The Boeing Company [NYSE: BA] today announced that 11 of NATO's 17 Airborne Warning and Control System (AWACS) aircraft have been retrofitted with Radar System Improvement Program (RSIP) kits. Completion of the entire fleet is scheduled for early 2000.
Daimler-Chrysler Aerospace, under subcontract to Boeing, is installing the kits at its facility in Manching, Germany.
The RSIP kit consists of a new radar computer, a radar control maintenance panel and electrical and mechanical hardware.
RSIP improves the E-3's radar by increasing the sensitivity of the pulse Doppler radar so the aircraft can detect and track smaller stealthy target. It also improves the radar's electronic counter-countermeasures capability -- making it harder to jam the system. RSIP upgrades the radar's existing computer with a new high-reliability multi-processor and rewrites the software to make it easier to maintain and enhance in the future.

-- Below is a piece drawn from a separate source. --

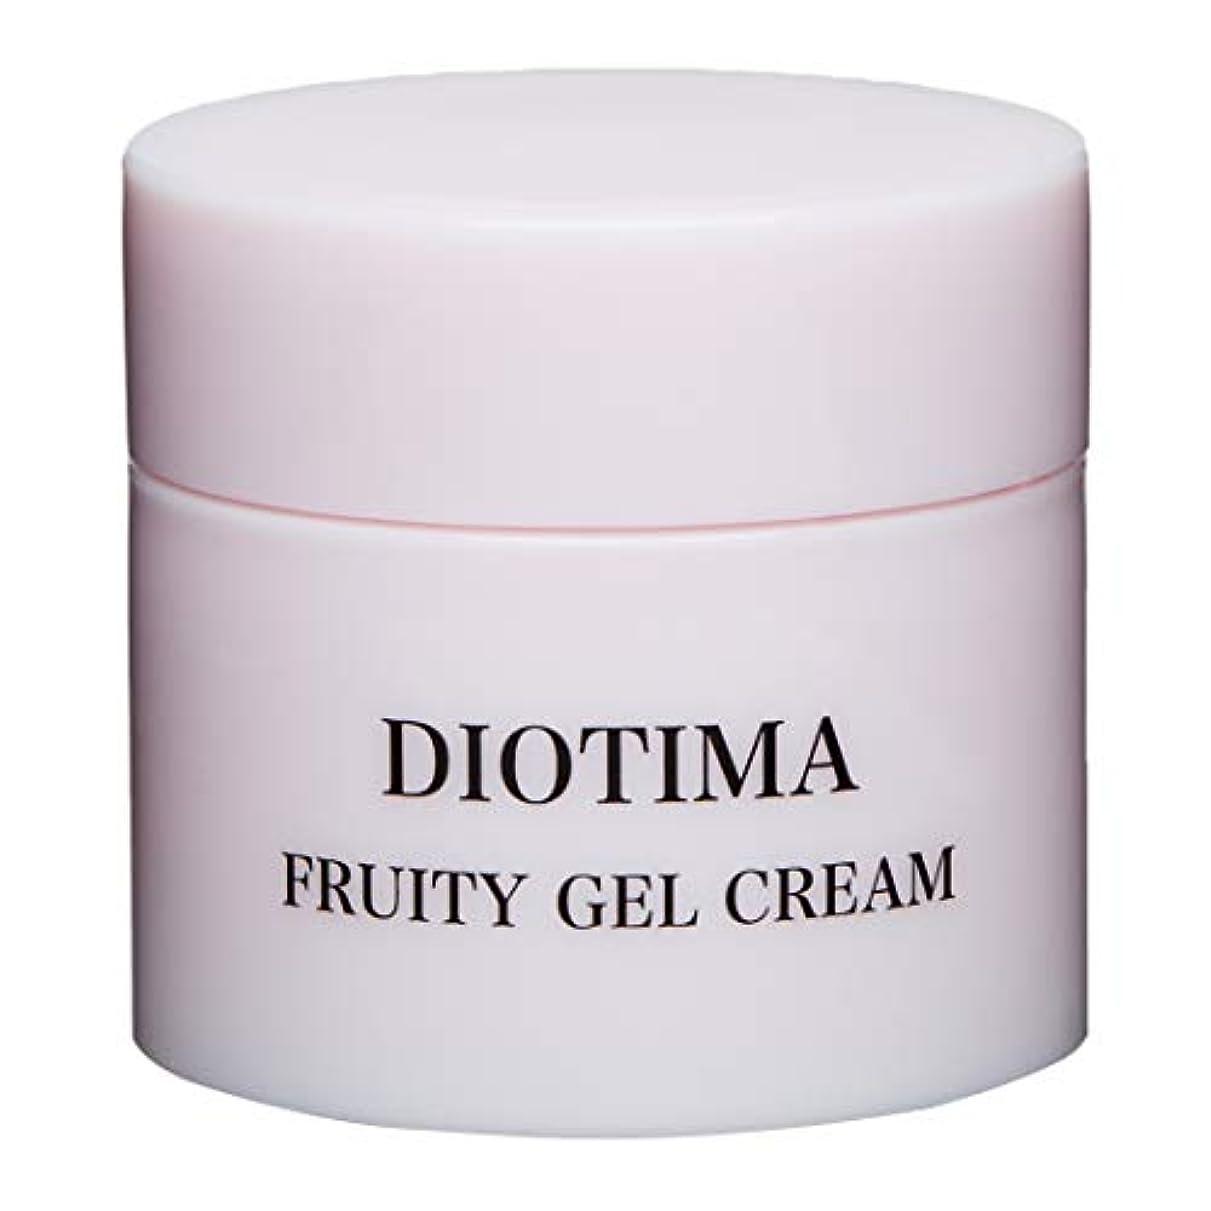 洗う集める思いつくDUITIMA(ディオティマ) ディオティマ フルーティジェルクリーム オールインワン 60g

Kathryn Whiting, Boeing NATO AWACS program manager, said, "Outstanding teamwork among Boeing, Daimler-Chrysler and Northrop Grumman was the key to successfully retrofitting the first 10 RSIP kits.
"RSIP equipped AWACS aircraft demonstrated the value of this enhancement during the air campaign over Kosovo by exceeding expectations for performance and reliability," Whiting added.